Introduction
illegal aliens, terrorists, hardened criminals, cockroaches, gang members, “very bad people” swarms of migrants, an invasion, threats to our national security“our military is waiting for you”
These are the words that surround what the world has deemed a global “migrant crisis.” These words are as dehumanizing as they are fear-inducing. They place blame squarely on the shoulders of migrants: It is the migrant causing this crisis. It is the migrant that is to be feared.
Today there are 79 million people displaced around the world (The UNHCR, (2020) –more than the size of the United Kingdom. This is the largest number of displaced people in recorded history. But rather than call this a “migrant crisis,” it should be called a crisis of humanity. It is a crisis rooted in geopolitics, not random, isolated incidents. The global response has lacked selfreflection, empathy, and sustainable solutions. Instead, it has focused on walls, borders, and ways of keeping people out.

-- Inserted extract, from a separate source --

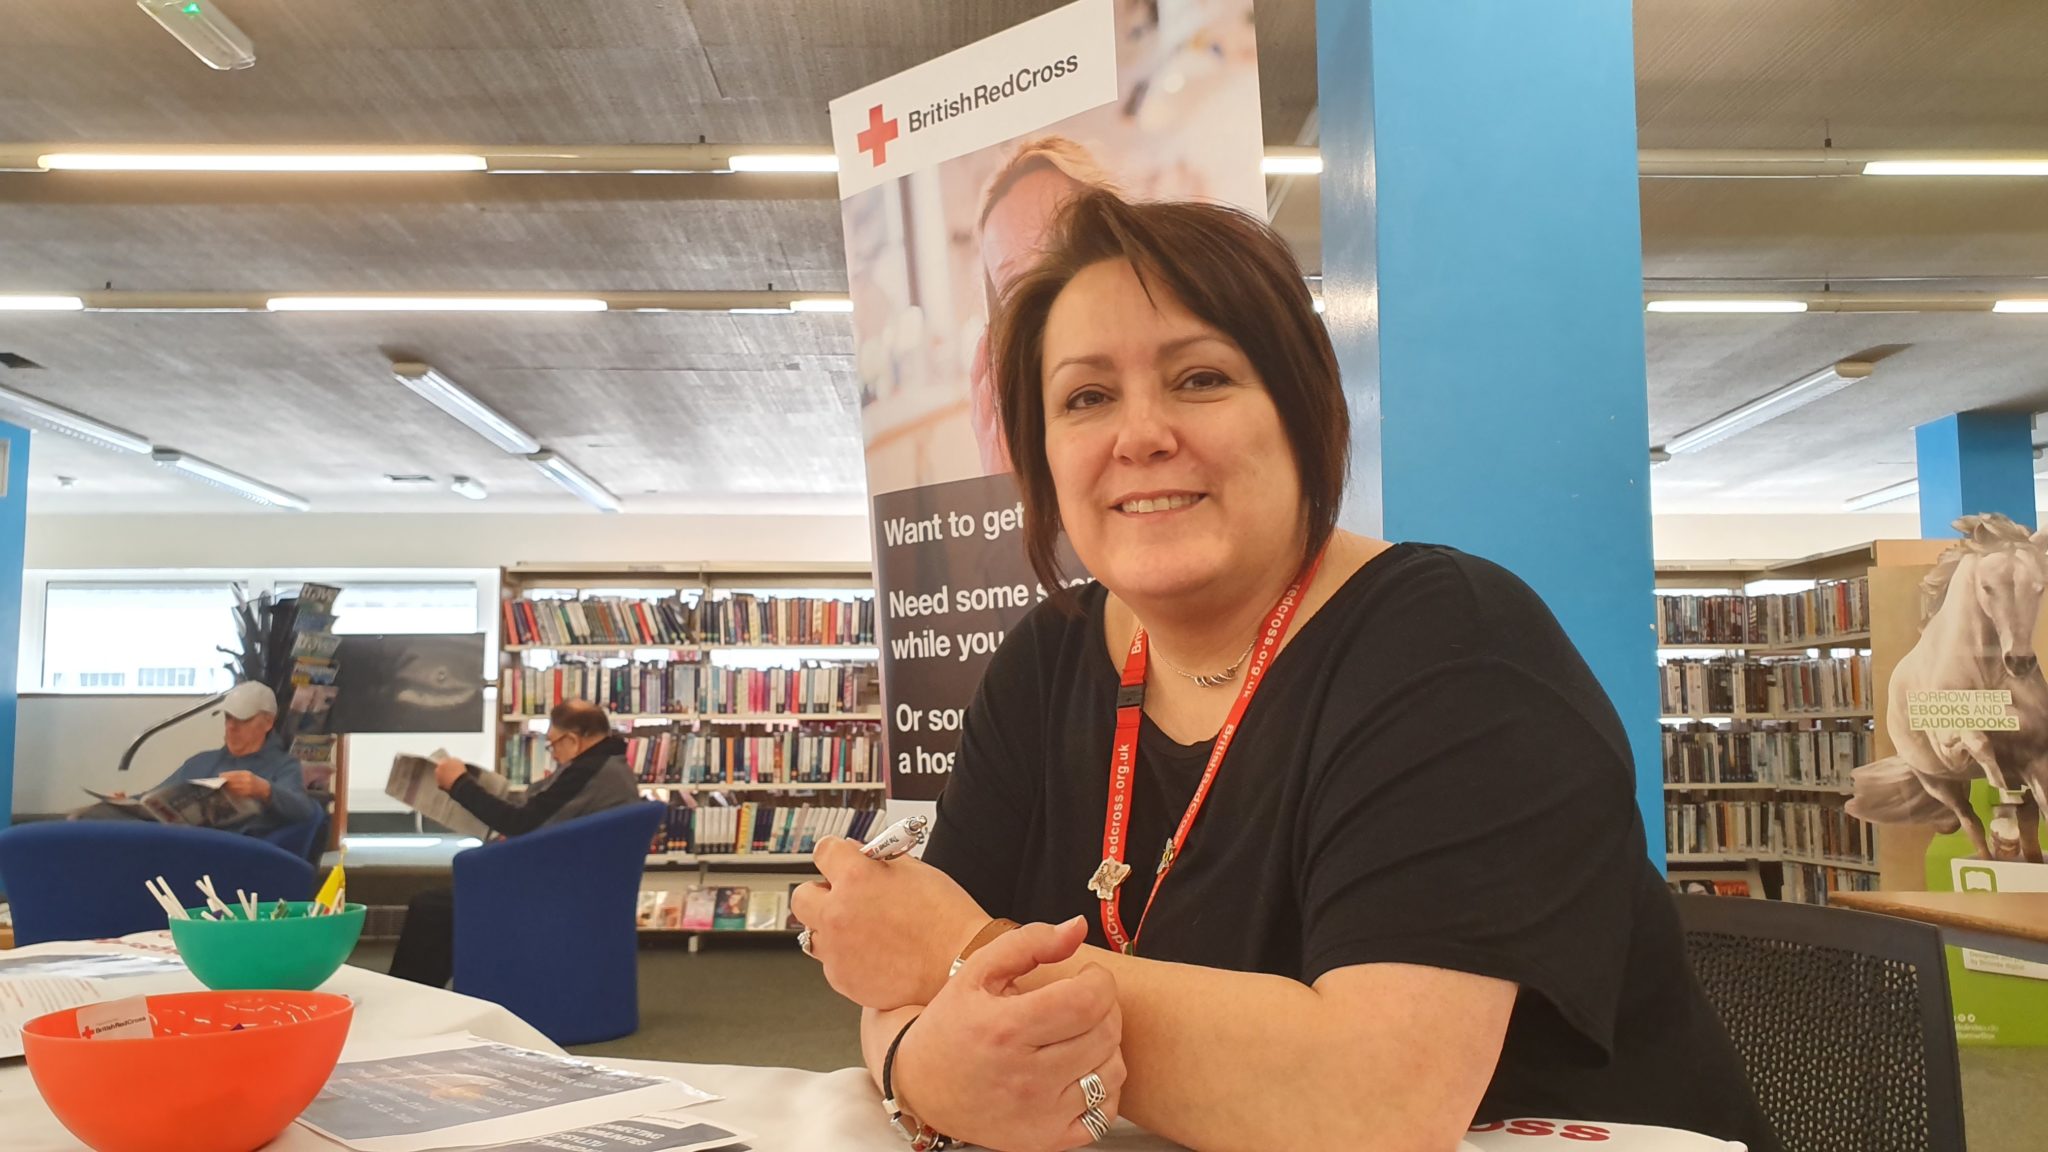 Suzanne Parry-Price, a community connector with the British Red Cross Community Connector
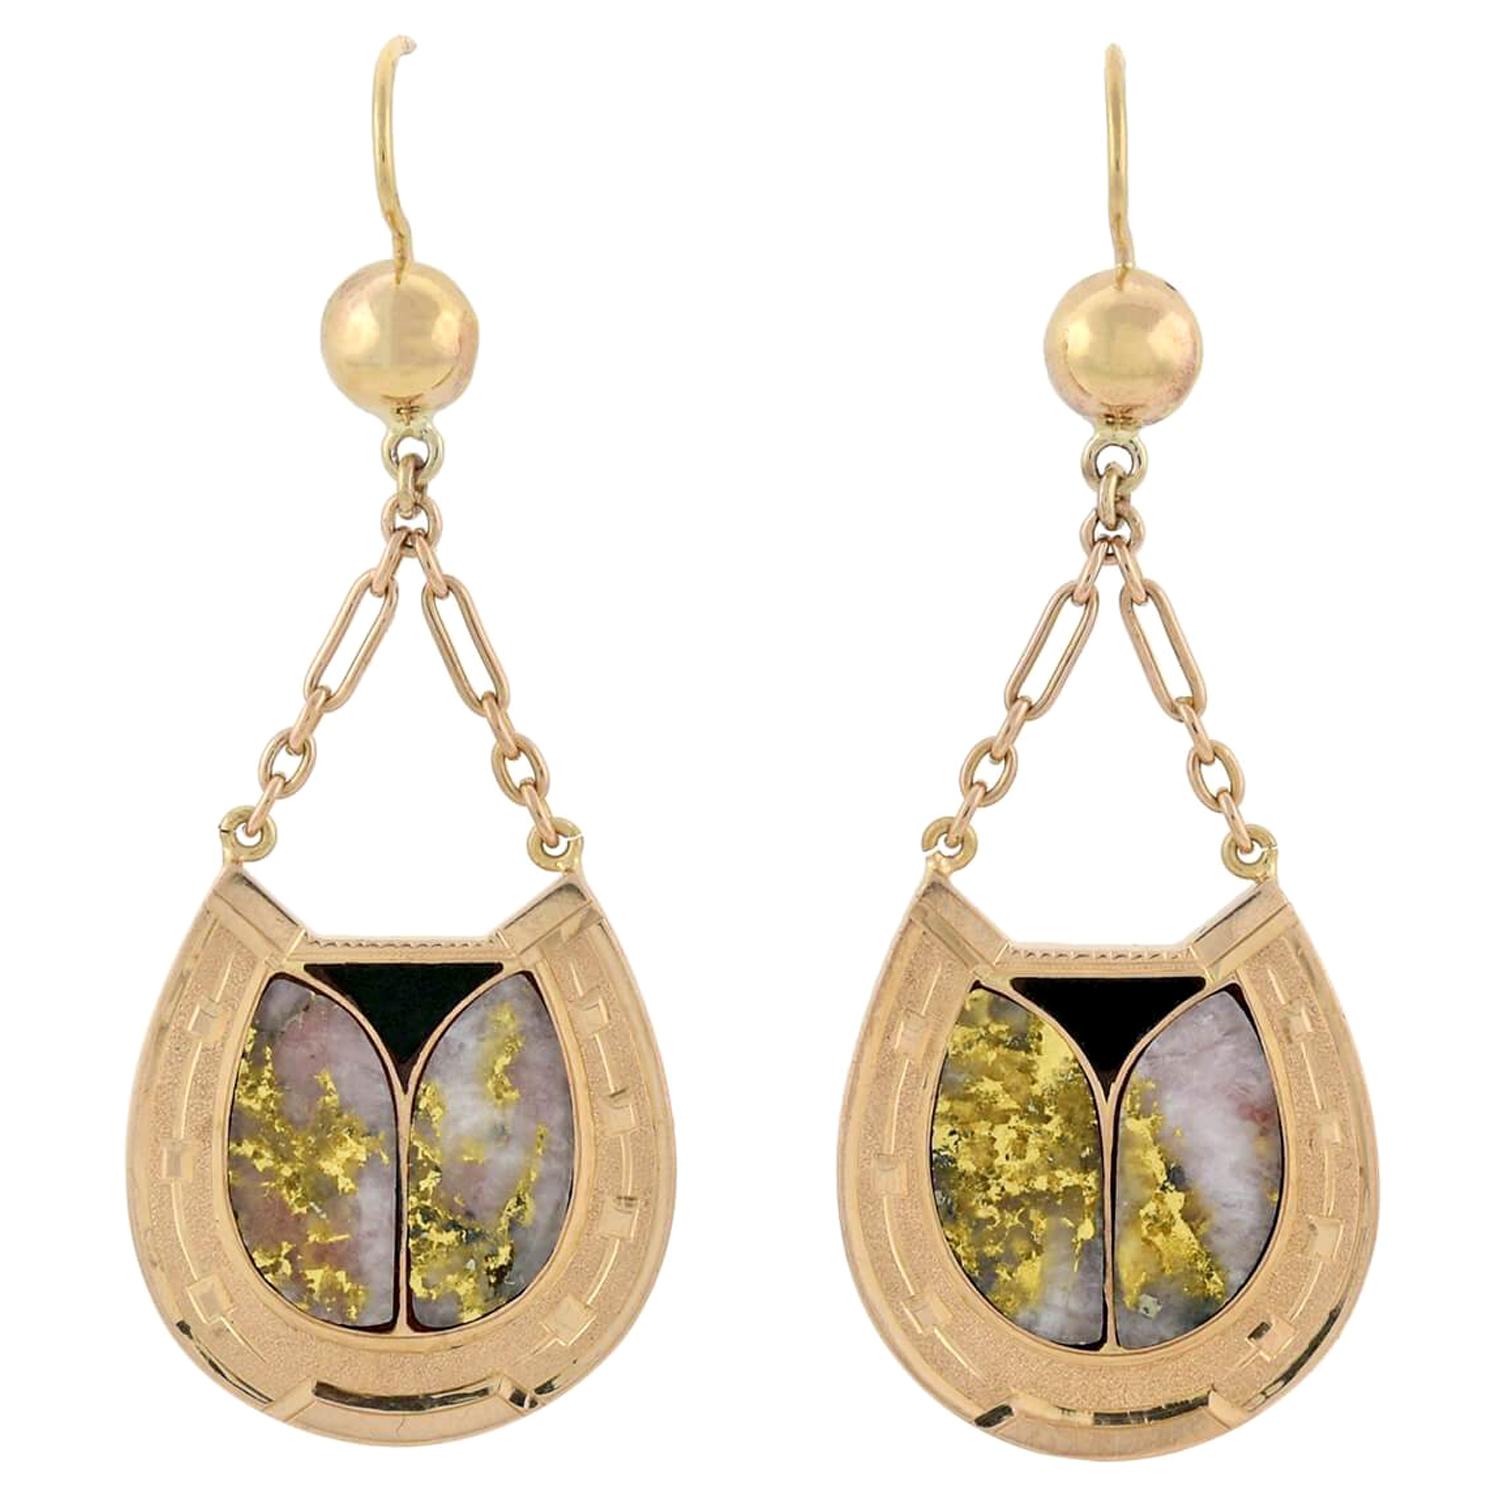 Victorian Inlaid Gold-in-Quartz and Agate Horseshoe Earrings

During the fall of 2018, I had the privilege of taking a group of undergraduate students to Europe to study how the continent was responding to the millions of Syrians, but also Afghanis, Iraqis, Somalis, and others, who fled their countries for Europe after war erupted in Syria in 2011. We also studied how the U.S. was responding to the thousands of Central Americans who are and continue to be seeking refuge in the United States– fleeing countries that are riddled with gang violence, drug wars, and corruption. Instead of looking at these crises as a global issue that desperately needs conversation, collaboration and forward thinking– the western world is responding with knee-jerk, defensive measures like building higher walls and detention centers that resemble prisons, Brexiting from the EU, and supporting the rise of populist anti-immigrant parties and leaders across Europe, Australia and the United States. The response by the west has been dominated by fear. In this paper, I will discuss why the crisis is occurring and what can be done to re-instill humanity to the situation.